Hubby is also a morning person and I am a night person. He is up right at dawn, feet on the floor ready to start the day beginning with breakfast. I prefer sleeping in a little past sun up, then into the shower, have coffee and look for brunch. At night, my husband is ready to go to sleep shortly after sundown (I exaggerate), about 9:30 and I am looking to go do something fun. For those of you a certain age, the television show Green Acres should instantly pop into your heads. It's terrific because it works for us.

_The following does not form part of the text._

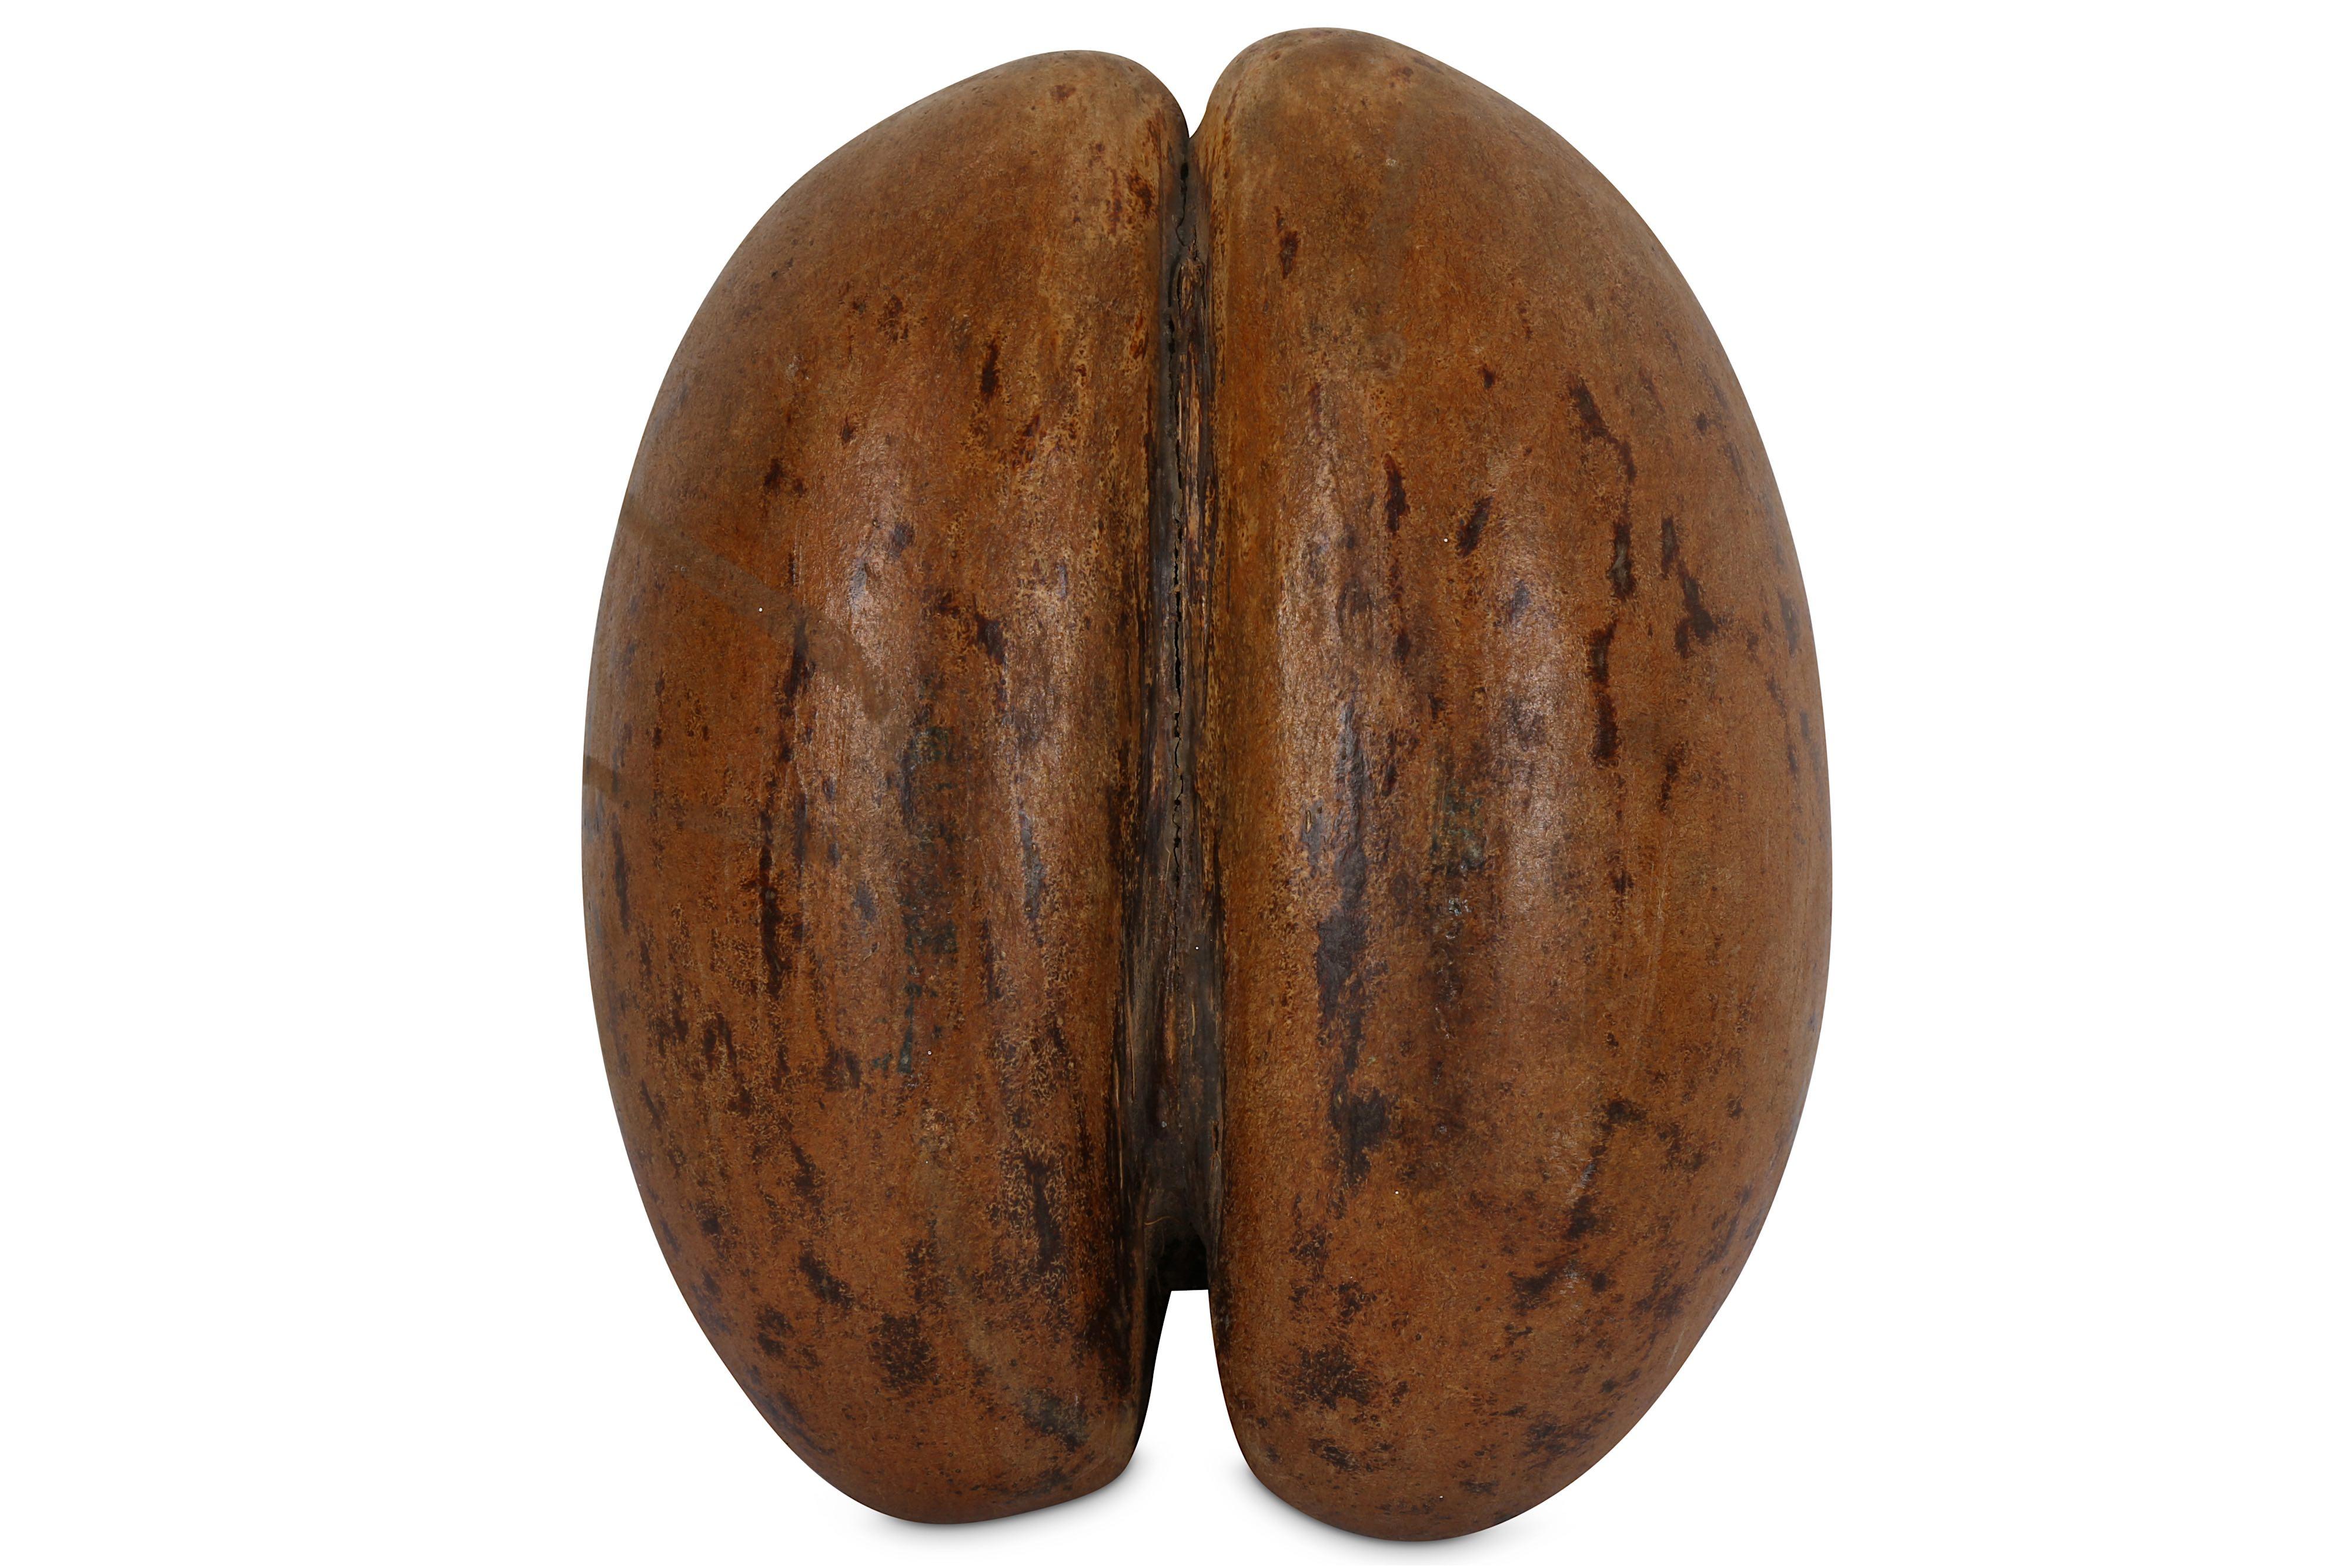 A POLISHED COCO DE MER NUT (LODOICEA MALDIVICA) - Image 3 of 3
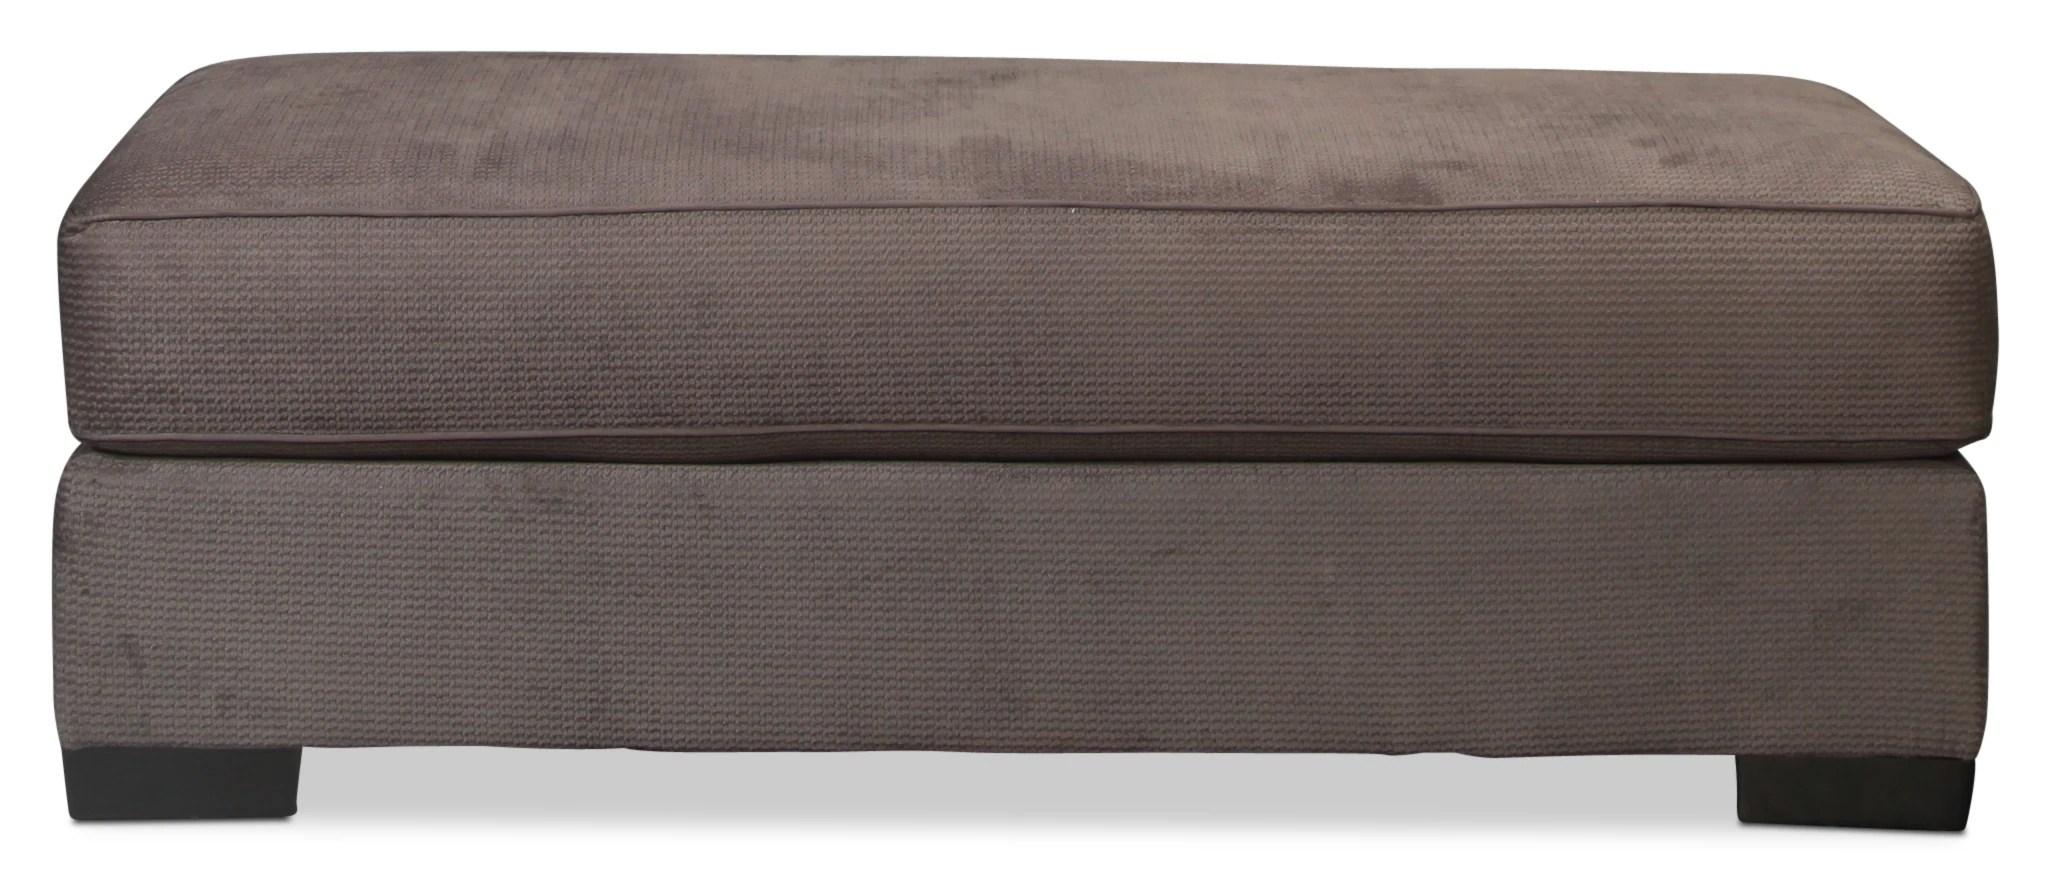 spartan sofa harga bed inoac asli the levin furniture

Opposites not only attract but they are attractive. How many times have we turned our heads for a double-take when we see a very tall person with a short person, even more fun if it is a tall woman with a short man. Even bi-racial couples still turn heads. There is a popular breakfast cereal that has made a commercial about opposites being attractive. Opposition is not bad. It is the whole Yin-Yang of the universe that actually binds us together. Opposites are not conflicting, but complimentary. They give us a different point of view, humor, and sometimes, just something different to think about. That's what makes them so attractive.

It works in writing. How many times have we enjoyed a book that made us think about something different? How often has an author employed the use of paradox to highlight a scene? Isn't there a protagonist and an antagonist? What about the opposition that is within all of us? Shouldn't that natural state also show up in our characters? Revisions are imminent and opposites must be included to keep the story strong and natural and attractive.